La vapeur enveloppe le quai, cachant l’énorme engin sifflant au loin – une véritable locomotive que fait tourner l’eau chauffée au charbon. À l’intérieur, le conducteur et son auxiliaire essuient la sueur de leur front : il n’est point facile de charger le charbon dans le four à l’intérieur d’une cabine chaude.
L’ordre « Aux wagons ! » retentit derrière notre dos et l’on se précipite à monter les escaliers en fonte à la rencontre d’une nouvelle surprise : meubles sculptés, luxe du sol au plafond, airs de musique symphonique coulant via le haut-parleur et thé chaud dans des tasses en porcelaine.

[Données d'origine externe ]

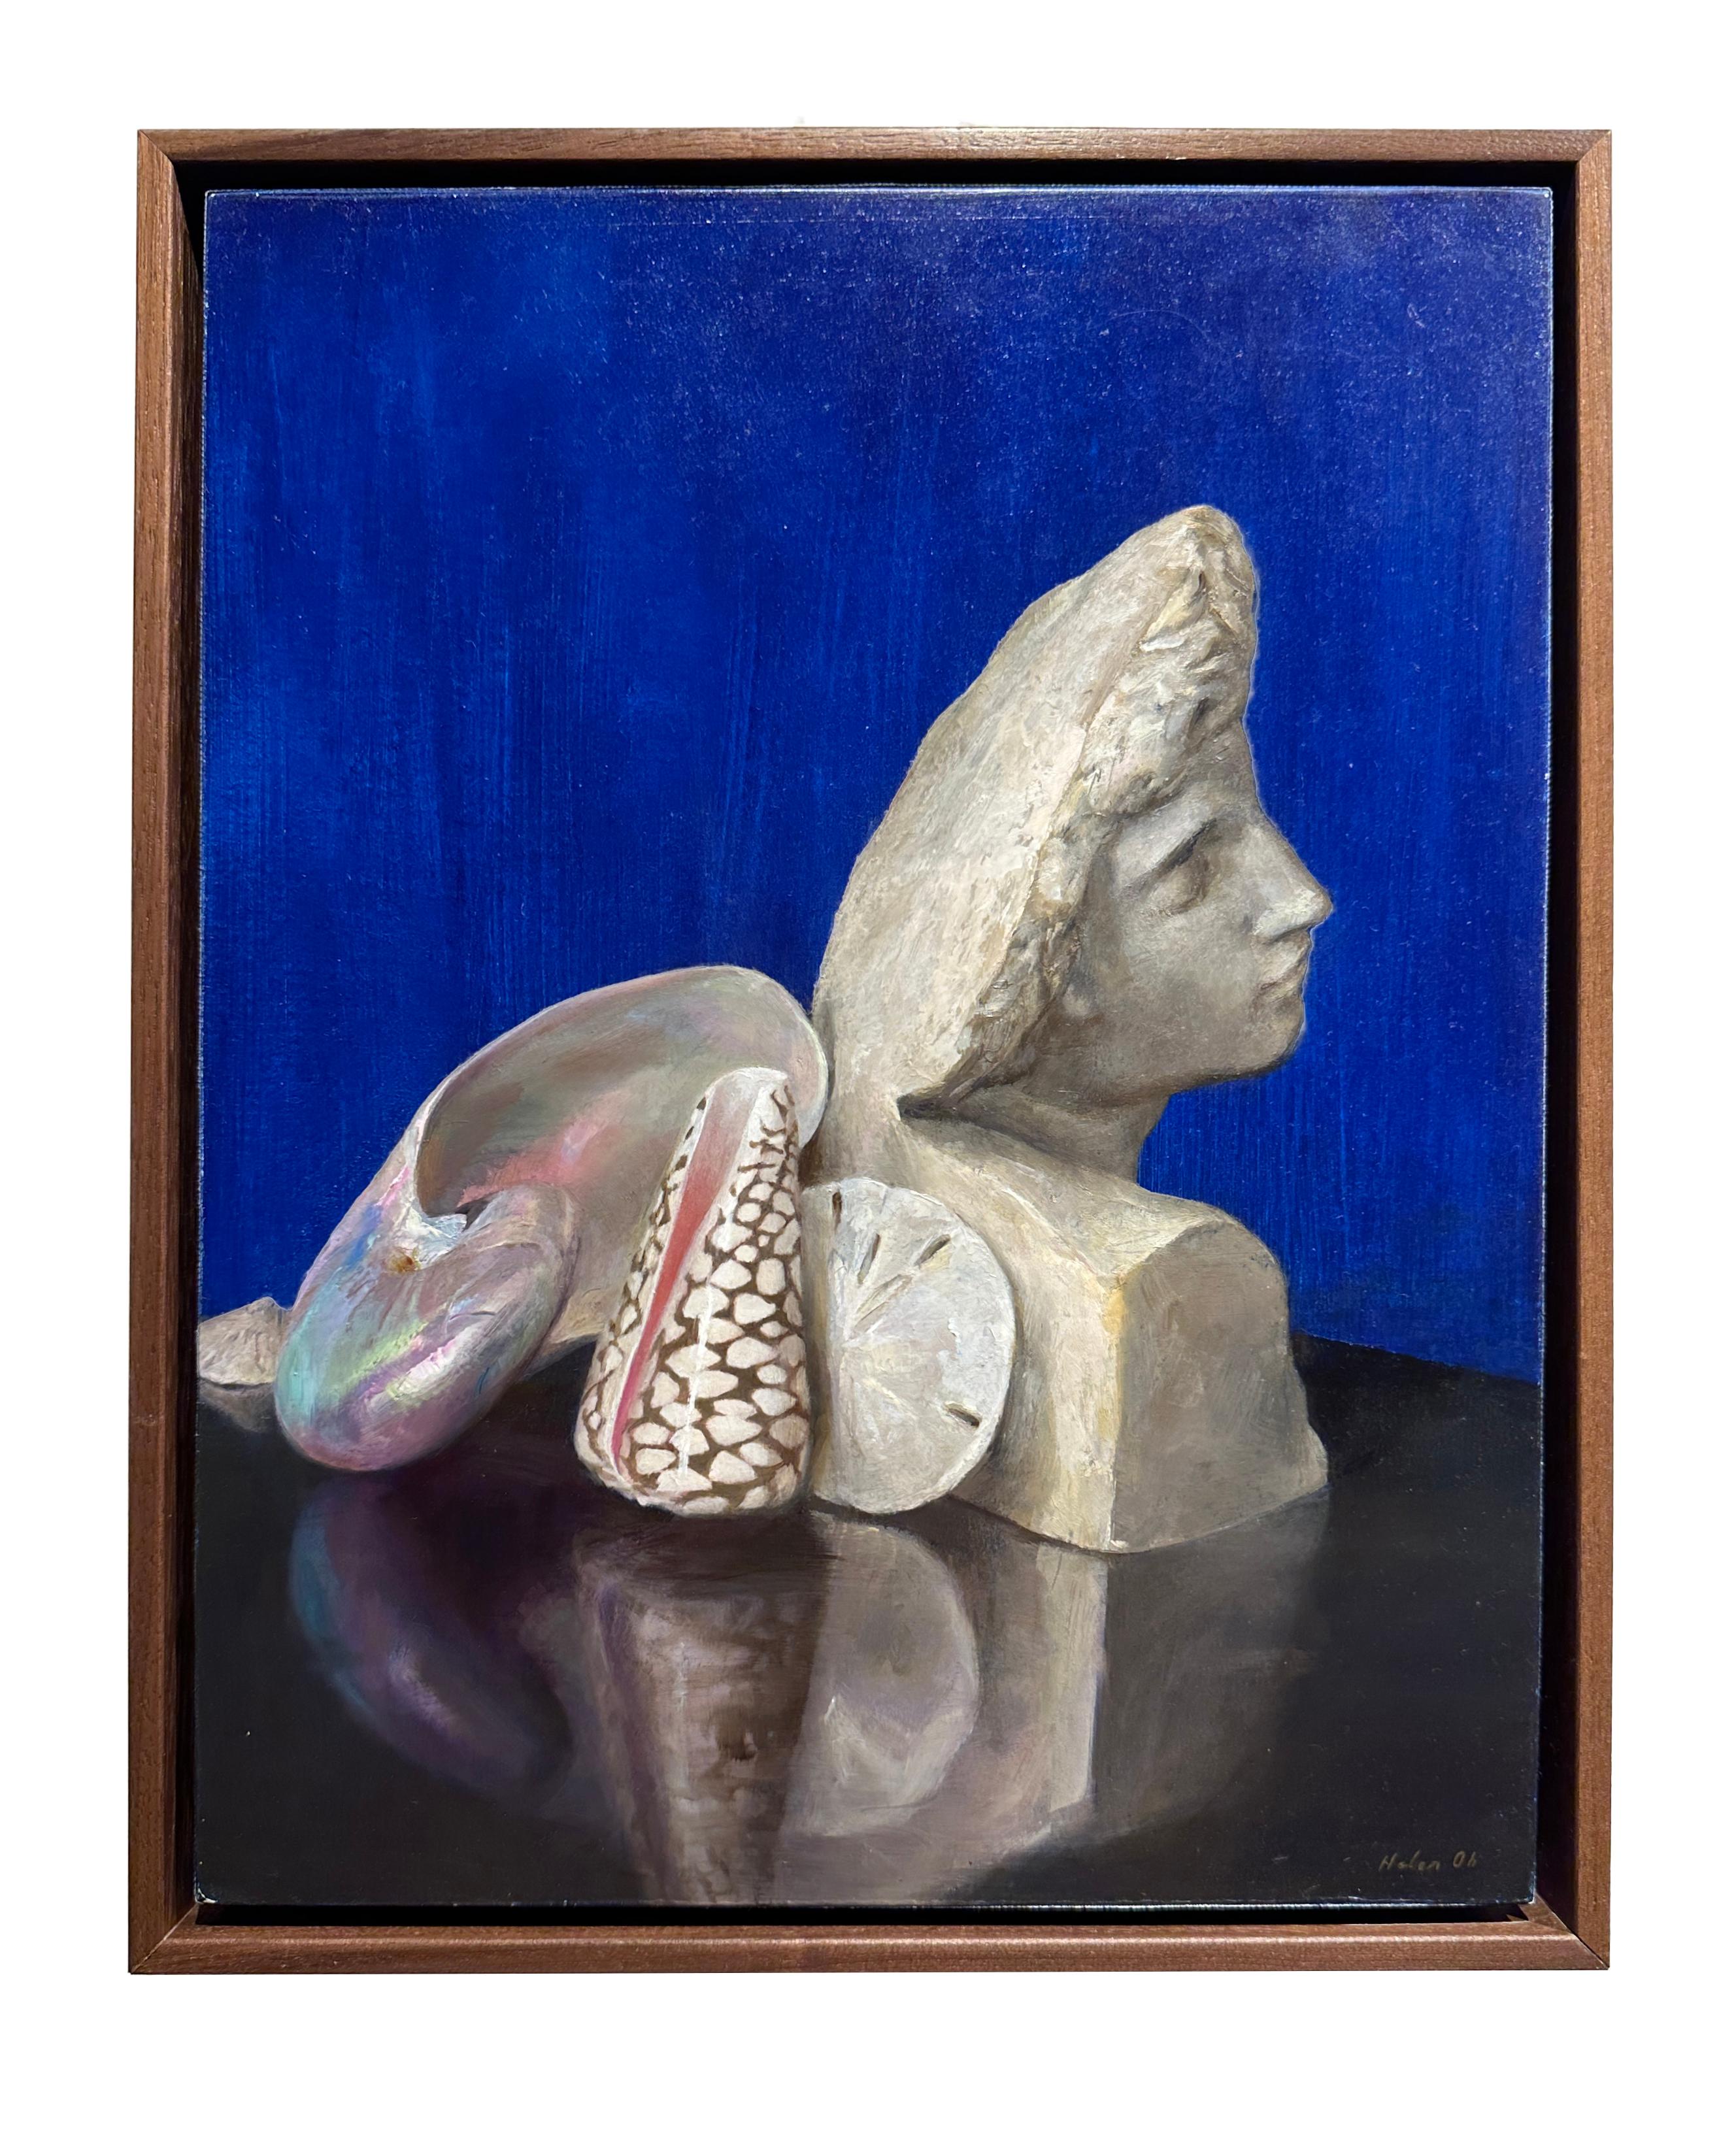 This delicately rendered still life painting is a collection of seashells leaning on a marble bust. Set on a vibrant blue background, the composition is designed to emphasize the shapes and textures of the shells. The opalescence of the abalone,

Le train gronde longuement ; suit une douce et délicate secousse, et la rame se met en marche. Une couche dense de vapeur fait disparaitre le quai et l’on ne parvient plus à distinguer quoi que ce soit. L’arrêt prochain est Rouskeala.
D’abord Saint-Pétersbourg, ville facilement accessible. Notre objectif suivant est la gare de Finlande, près de la station de métro Plochtchad Lenina.

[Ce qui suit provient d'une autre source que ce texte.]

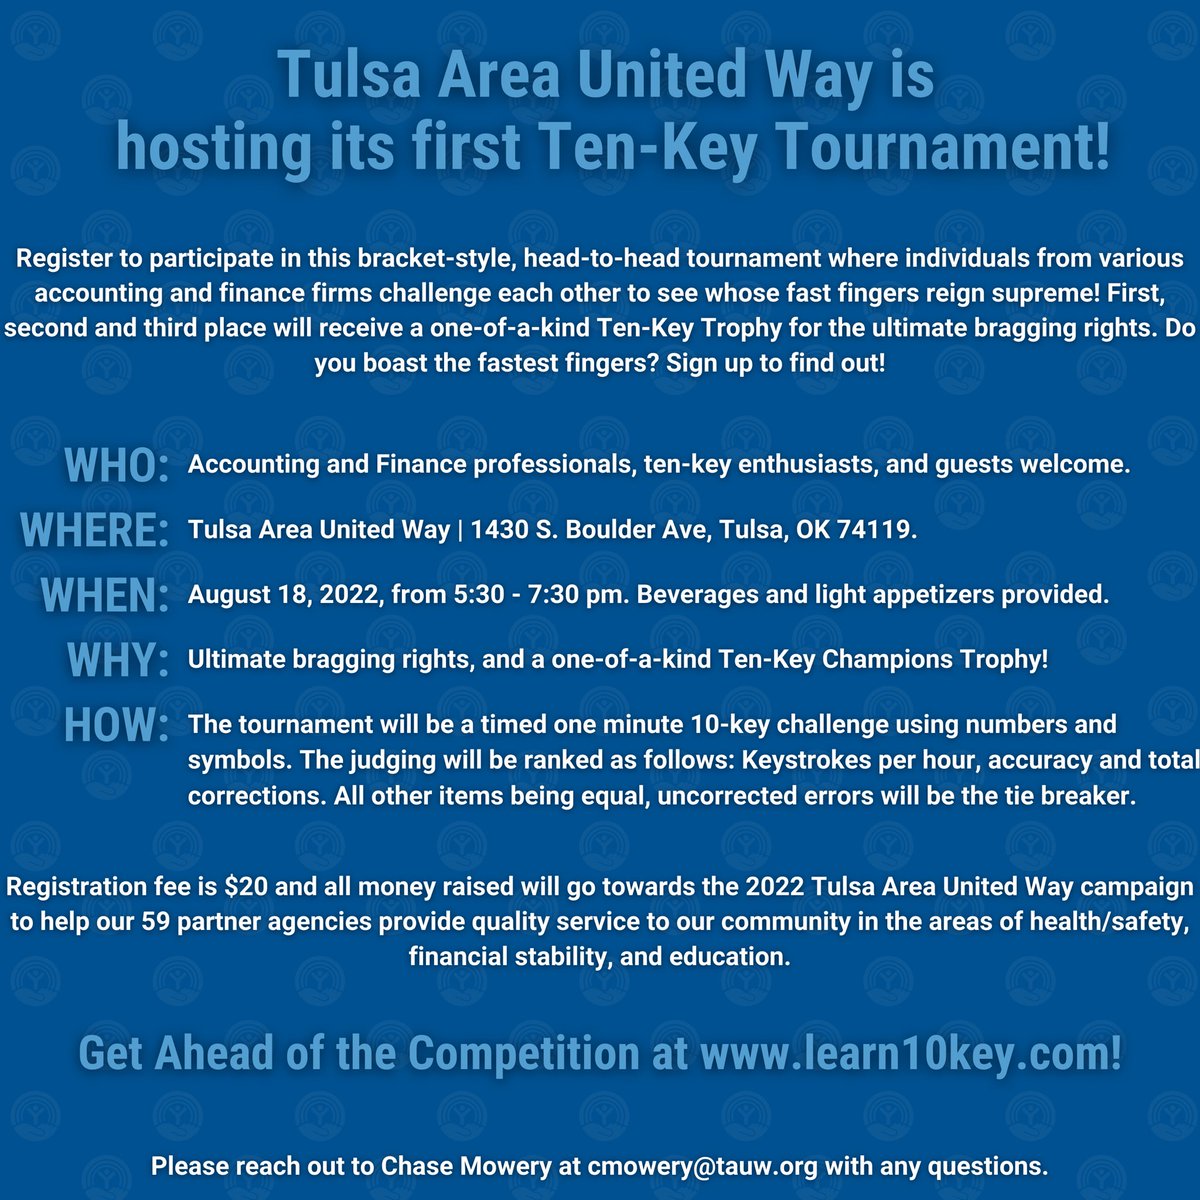 Join us for the FIRST Ten-Key Tournament on August 18 from 5:30-7:30pm - register here! give.tauw.org/comm/SpecialEv… Compete head-to-head with other accounting, finance and ten-key extraordinaries to win bragging rights and a one-of-a-kind Ten-Key Trophy. We hope you can make it!

D’ici, plusieurs fois par jour, partent les trains Lastotchka et autres passant par Sortavala, où l’on changera pour monter à bord de Rouskeala Express.
Nous vous conseillons de vérifier à l’avance les horaires des Lastotchka et du train retro. D’habitude, ce dernier part deux fois par jour, mais il se peut qu’en été il y ait plus de voyages.
Il est fort conseillé d’acheter vos billets à l’avance sur le site de la Société des chemins de fer de Russie et de choisir les places et le format qui vous conviennent : places assises au café, un compartiment ou autre.
Laissez les rêveries et la curiosité sincère vous emporter. Comme l’avait bien dit l’écrivain Leonid Andreïev : « Pour les passagers du wagon, le présent, ce maudit présent qui retient dans étau la pensée et dans le mouvement les mains, n’existe pas. N’est-ce pour cela que dans la rame les gens deviennent philosophes ? ».
L’histoire des carrières de marbre de Rouskeala plongent leurs racines au XVIIIe siècle : une fois découverte, la pierre y a été avidement extraite pour se voir envoyée dans la capitale de l’Empire. Quatre variétés de marbre local ornent les cathédrales Saint-Isaac et Pierre-et-Paul, les palais de Tauride et de Marbre, les fontaines romaines de Peterhof et d’autres bâtiments luxueux. Sous l’URSS, le marbre de Rouskeala a été utilisé dans la décoration de plusieurs stations du métro de la capitale du Nord.
Toutefois, à la fin du XXe siècle, les maîtres italiens invités à développer les carrières ont déçu les Russes : les couches superficielles du marbre local étaient trop poreuses et cassantes, et sa résistance à l’usure laissait beaucoup à désirer. Certes, au XVIIIe siècle, on l’ignorait, et les restaurateurs contemporains en paient le prix.